Other issue, general philosophy, UI describing trace files, follow up to
discussion to prototype heavily oriented to XML. Jim asked if we were
satisfied, hiding XML. Issue is how general to make repository to hold
trace files. Makes underlying assumptions, about number of records per
line, whitespaces. Is it OK to make a set of assumptions, build on that?
Have to agree on canonical names, in a way that covers the trace files we
are familiar with. 
Bala: Validation? 
(no one spoke up - and I hope I got the following right)
Mark: We did a program to validate properties when they are described in XML.
Bala: Validate a random date format? There are 18 different formats I have
Marks student (sorry missed the name): If you specify that is the date
format, then we can do. We have set it up for you to specify the date.
Bala: THat is incorrect. 
Marks student: THen, we have to include all the 18 formats. 
Bala: There are all manners of errors, even if all the dates are given in
the same format. What is the description I have to do? My ideal would be to
provide a sample string that was scanned. 
Mark: The validation format would read the XML and verify that the format
matches the description. This is an issue about how the UI works. We had a
pulldown menu in the original. We have n canonical names, and the submitter
selects the name. The string idea we haven't thougt about. 
[further technical discussion - but we really need to try this out]
Mark: This discussion was for dates - there are a lot of other fields. Our
programme is a first version. We will now integrate it with the new UI, and
get comments back. 
Bala: You also have to do a validation of the time range, etc. 
Mark: Last call - Jim is more of an optimist than me. 
Bala: This can also be extended to other fields. Think about the scanning
parser as a supplement to the menu of canonical names. It is not foolproof,
the interpretation may be dependent on assumptions. 

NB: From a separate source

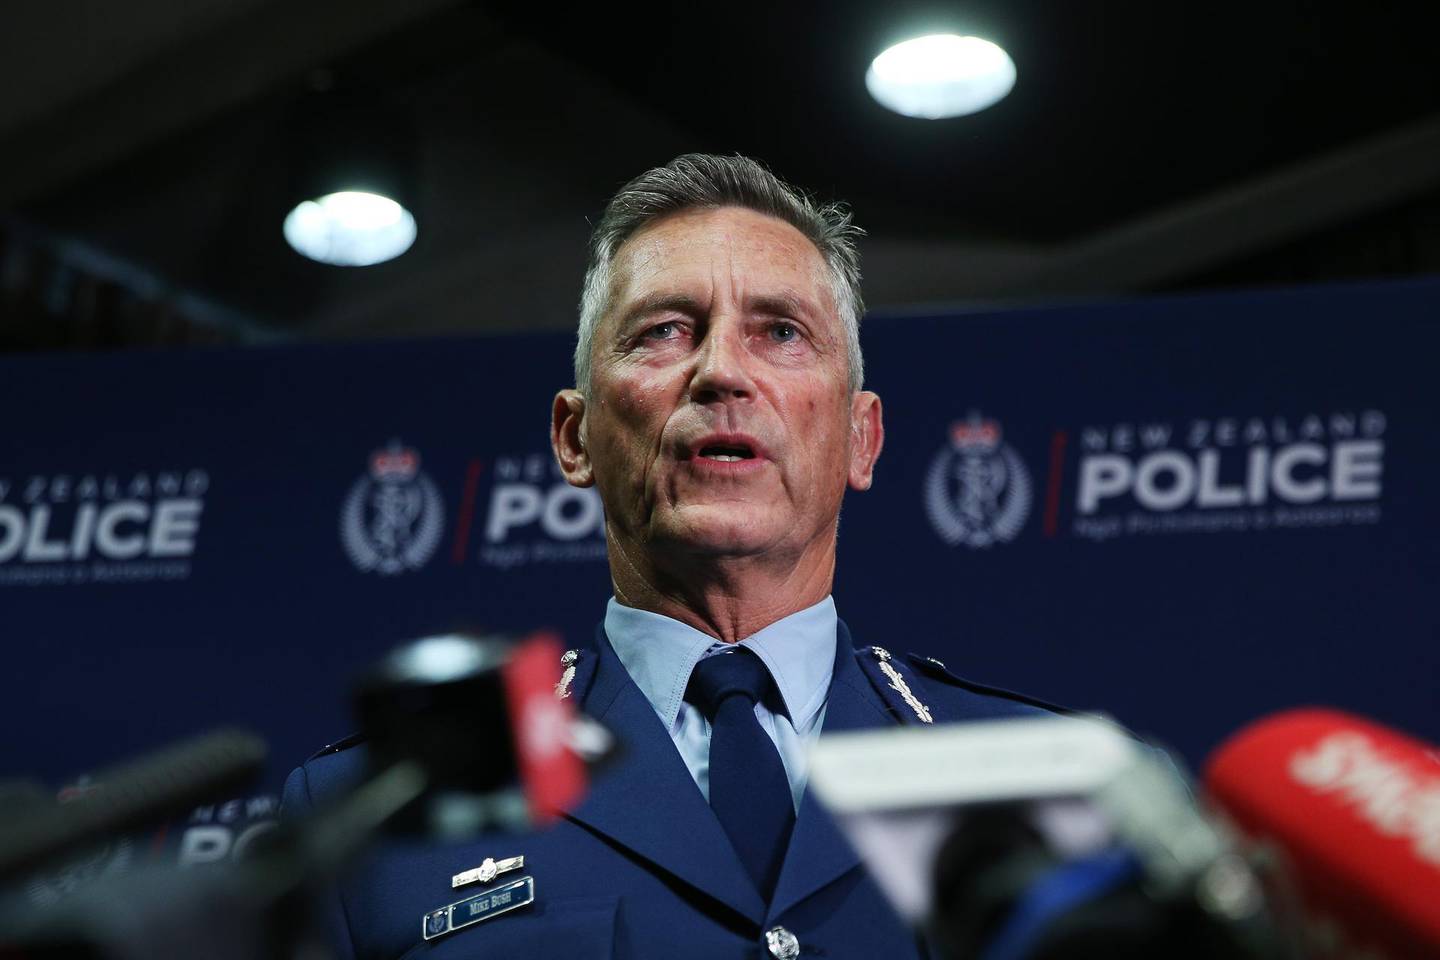 WELLINGTON, NEW ZEALAND - MARCH 15: Police Commissioner Mike Bush speaks to media during a press conference at Royal Society Te Aparangi on March 15, 2019 in Wellington, New Zealand. One person is in custody and police are searching for another gunmen following several shootings at mosques in Christchurch. Police have not confirmed the number of casualties or fatalities. All schools and businesses are in lock down as police continue to search for other gunmen. (Photo by Hagen Hopkins/Getty Images)

Tools - who's got em, how do we get em.
Ed: What kind of tools do we mean? We have tools for a lot of things. 
Johan: Let's start with the anonymization. 
Martin: Jim was going to check anonymization tools. 

Johan: I just wanted to point out that the WWW9 conference is coming up -
the deadline for papers is November 22. This may seem far away, but after
your vacation it is time to start writing. Also, the organisers have not
quite decided on the conference layout yet, but they are very favourable to
the idea of themed tracks, I am told. I was wondering if we should have a
WCA track. 
Ed: We are tentatively going to submit a paper on our sample. I would
encourage a WCA track. 
Johan: I also had the idea that we might want to put together some
historical data, e.g. a time series (say, one log per month over a period
of a few years from one site) that shows the development of a web site. It
is now five years since the web took off, and 10 years since Tims original
proposal. We should try to use that to promote the WCA.

Closed on 14:50 EST
Johan Hjelm

                     Johan HJELM
       Ericsson Research, User Applications Group 
         Currently visiting engineer at the W3C
             The World Wide Web Consortium
    Fax +1-617-258 5999, Phone +1-617-253-9630
   MIT/LCS, 545 Tech. Sq. Cambridge MA 02139 USA 
        opinions are personal, always my own, 
  and not necessarily those of Ericsson or the W3C.